*What is expected*: Only the lines from the one with "Caffe Cordina, famous" to the end of the data below should be given again, exactly, with both ends included and pictures omitted.

*Provided data*:
------------------------------------------------------------
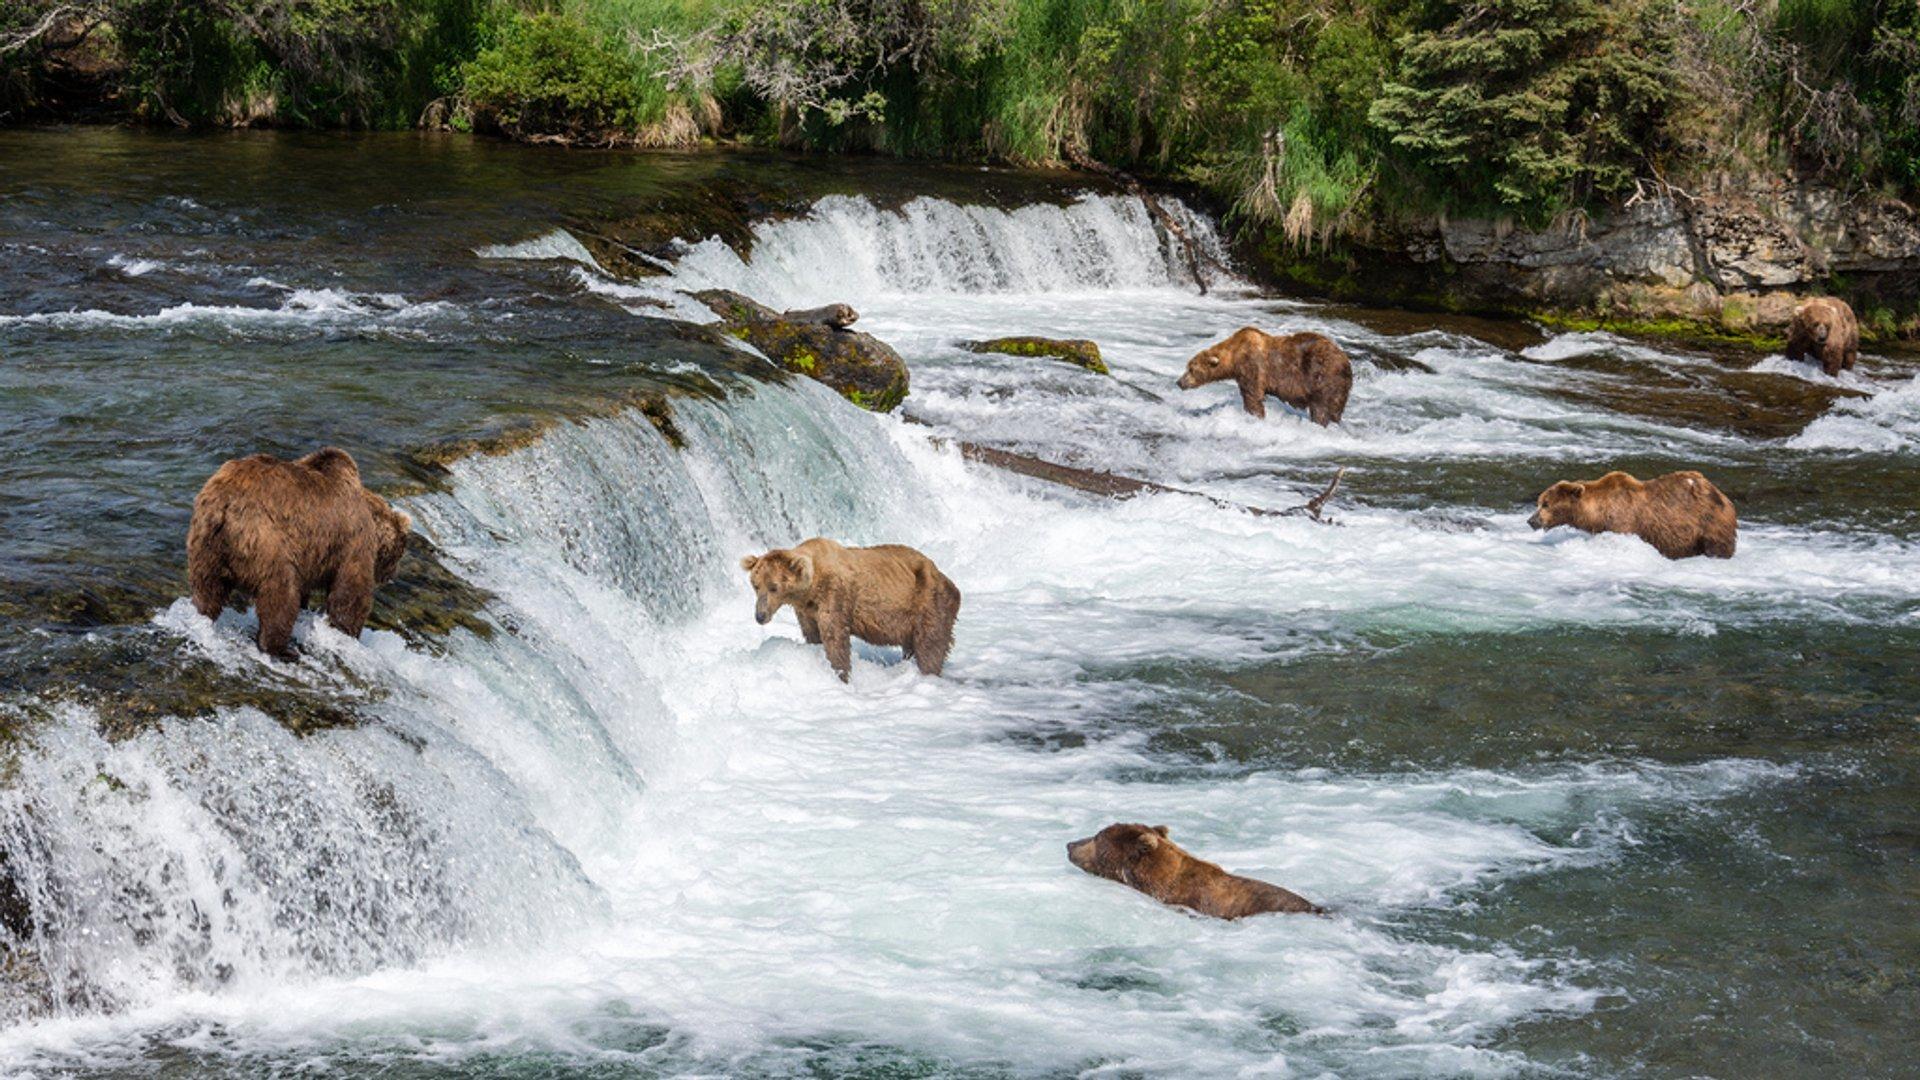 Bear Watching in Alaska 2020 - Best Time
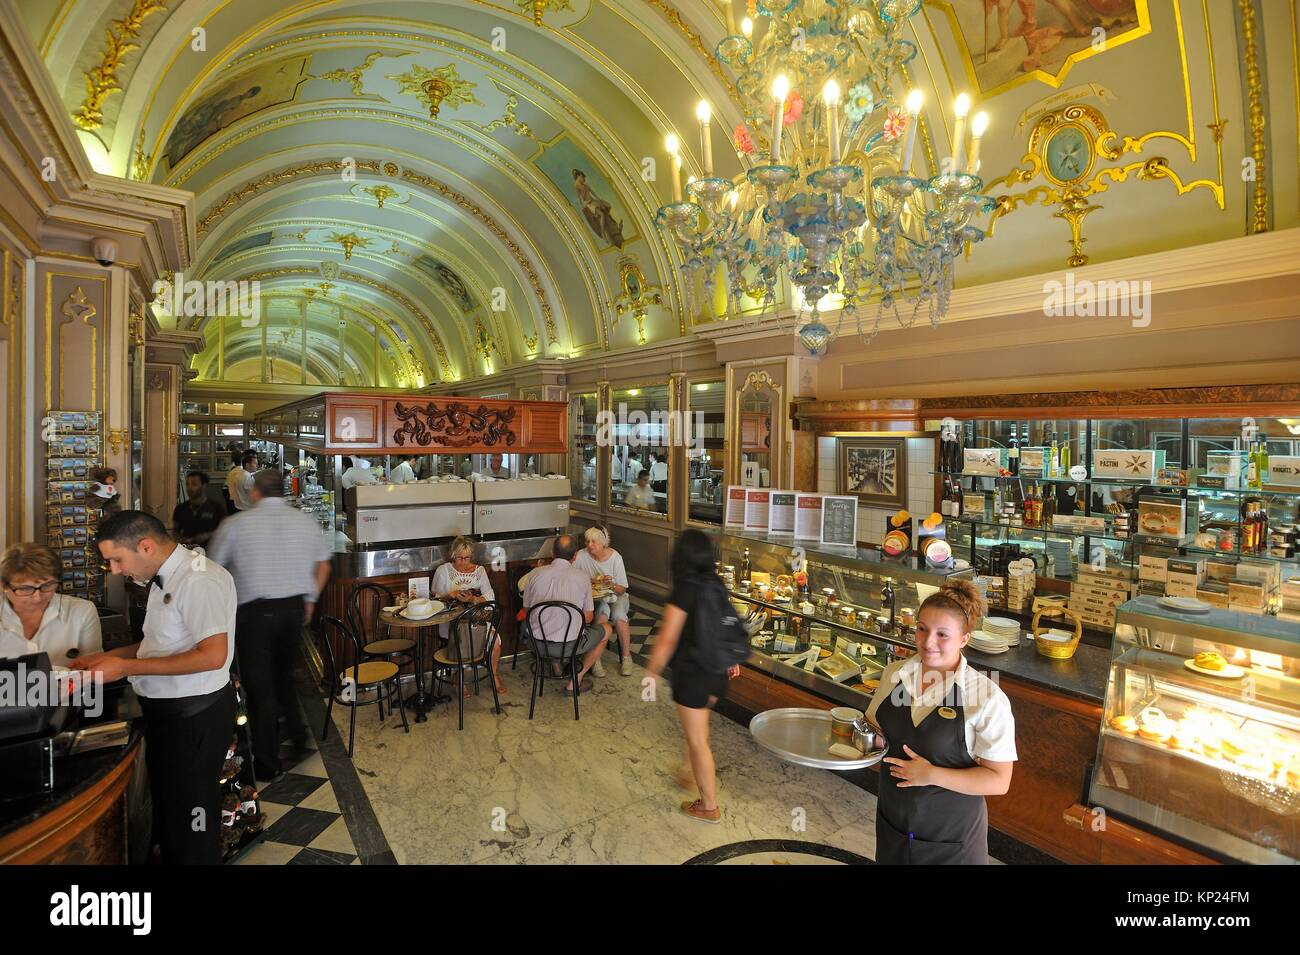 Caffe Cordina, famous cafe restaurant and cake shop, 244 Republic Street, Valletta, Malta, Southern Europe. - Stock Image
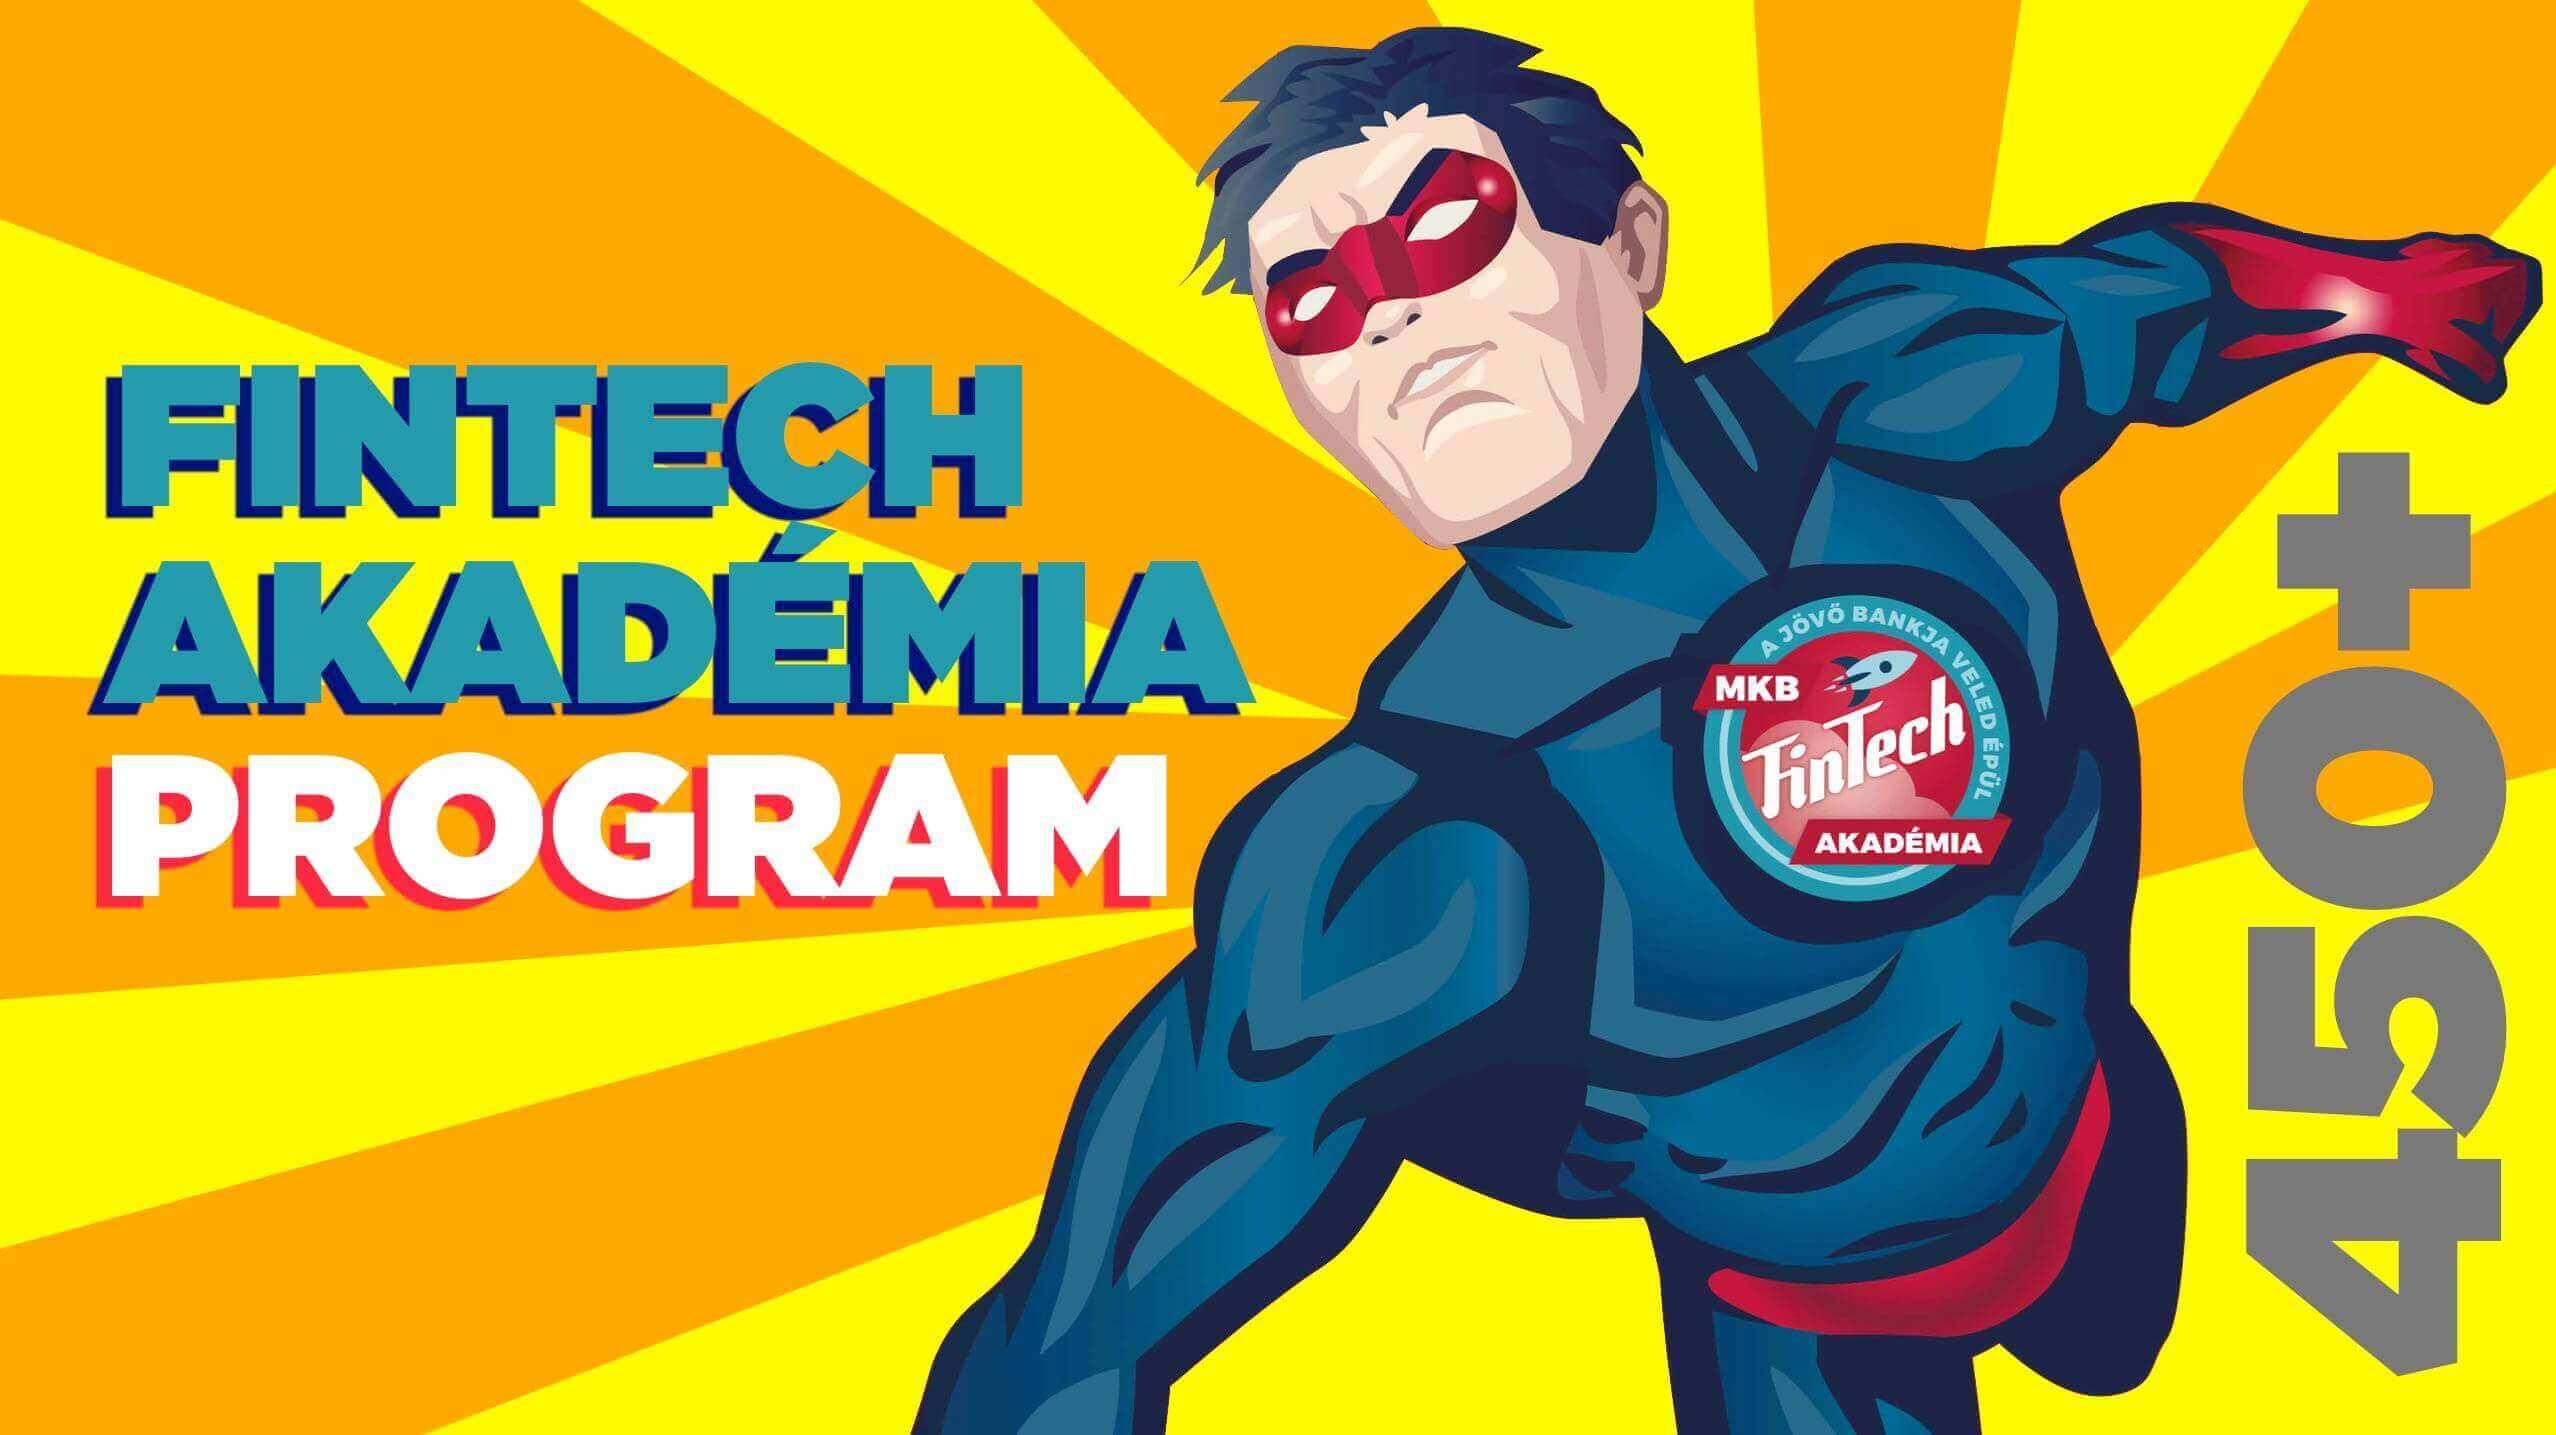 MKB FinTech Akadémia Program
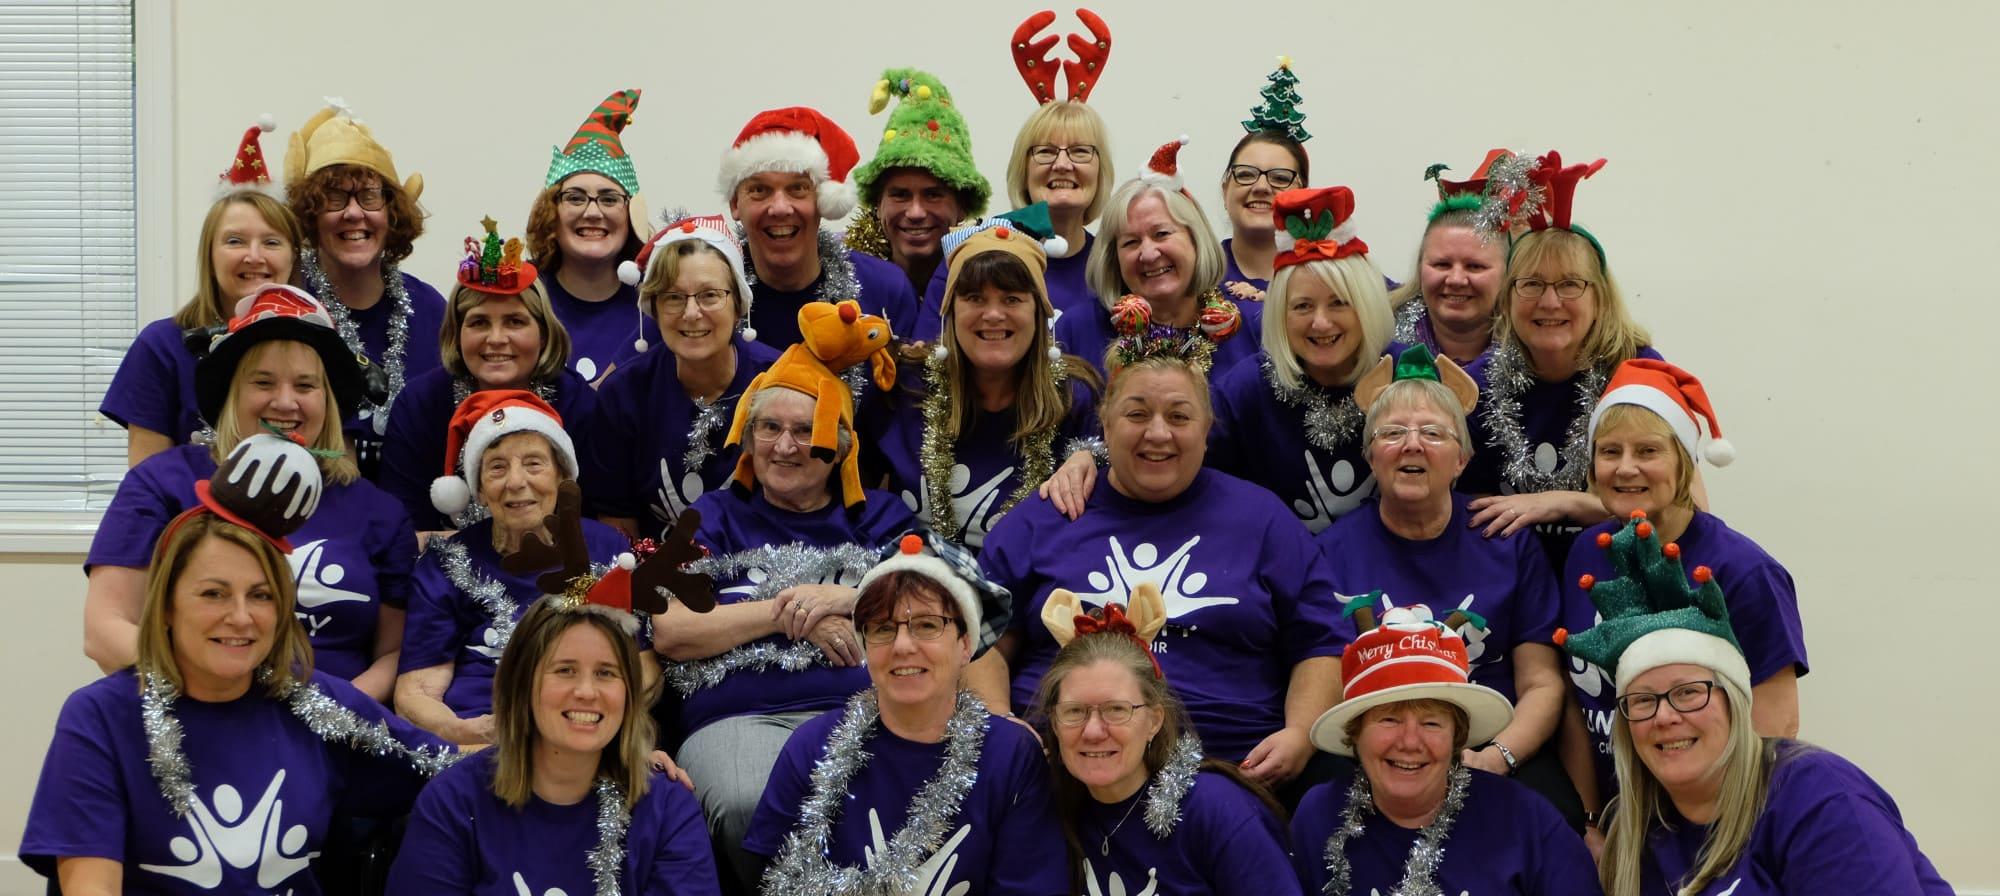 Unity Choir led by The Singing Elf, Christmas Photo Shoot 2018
------------------------------------------------------------
*Response area*:
 Caffe Cordina, famous cafe restaurant and cake shop, 244 Republic Street, Valletta, Malta, Southern Europe. - Stock Image
 MKB FinTech Akadémia Program
 Unity Choir led by The Singing Elf, Christmas Photo Shoot 2018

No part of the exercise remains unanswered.